Jace zerknął na niego wszystkowiedząco.
- Wiesz o tym lepiej niż wszyscy inni, co? – Jego piwne oczy rozszerzyły się. – Dał ci szlaban za jedzenie zbyt wielu słodyczy przed snem?
Harry potrząsnął głową.
- Nie z tego powodu. To dlatego, że cwaniakowałem, gdy powiedział mi, że zbyt wielka ilość cukru jest dla mnie zła, a ostatnia rzecz, jakiej potrzebuję to nadpobudliwość przed snem. Byłem zirytowany i moje usta zareagowały przed mózgiem. – I zapłacił za to szorowaniem łazienki i toalety Snape’a szczoteczką do zębów tak, jak profesor groził mu wiele razy, pomyślał żałośnie. Czasami zasady Snape’a były irytujące, ale Harry wiedział, że mężczyzna naprawdę ma w sercu najlepsze intencje i choć prawdopodobnie życie ze Snapem nie będzie łatwe, było sto razy lepsze niż na Privet Drive.

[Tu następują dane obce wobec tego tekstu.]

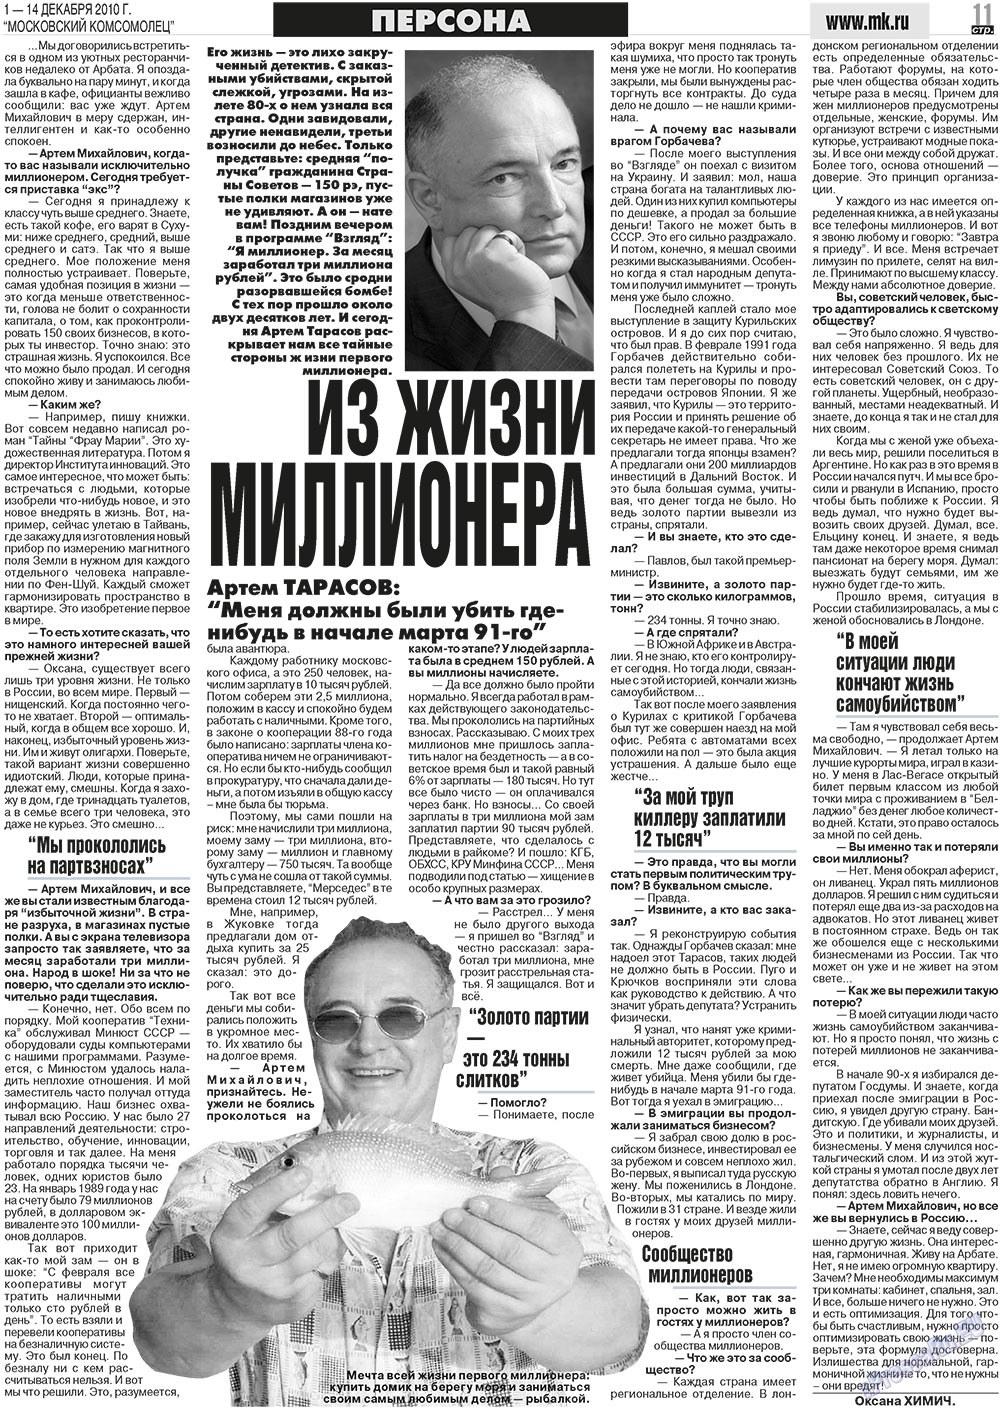 МК Испания (газета). 2010 год, номер 48, стр. 11

- Nie martw się, wiem jak rzucić zaklęcie ukrywające, Harry. Zwłaszcza, że Malfoy kazałby mi je mu dać, gdyby mnie z nimi złapał. – Młodszy chłopak zachichotał nagle. – Mówiąc o Malfoyu, po szlabanie z McGonagall praktycznie wczołgał się pod łóżko, taki był upokorzony. Część mojego Domu była jakby zadowolona, że utarto mu nosa i wytykali go w kółko, aż wybuchł i przeklął kilku z nich. Ale wtedy wszedł profesor Snape, przyłapał go i dał kolejny szlaban oraz zabrał różdżkę aż do końca tygodnia. Jednak już ją odzyskał.
- Może teraz dostanie nauczkę – powiedział Harry.
Jace wzruszył ramionami.
- Może. Nie ważne. Chcę tylko, żeby zostawił mnie w spokoju. – Skubnął oblaną czekoladą babeczkę i zapytał niewinnie: – Umm… Harry, skończyłeś już oceniać nasze egzaminy?
- Tak, ale wyniki są poufne i nie mogę ci nic powiedzieć, aż oceny nie zostaną wysłane – powiedział mu Harry.
- Nawet oceny z twoich zajęć?
- Nie. Skończ polować na informacje, Witherspoon. Zasady Hogwartu, tyle mam do powiedzenia.
Jace westchnął i skrzywił się.
- Ach… Nienawidzę czekać na takie rzeczy. To doprowadza mnie do szału.
- Tak jak wszystkich innych – powiedział Harry. Pokiwał ostrzegawczo palcem. – I nie próbuj też mnie czytać.
- Harry! Nigdy bym tego nie zrobił!
- Nawet, żeby wcześniej dowiedzieć się oceny z eliksirów?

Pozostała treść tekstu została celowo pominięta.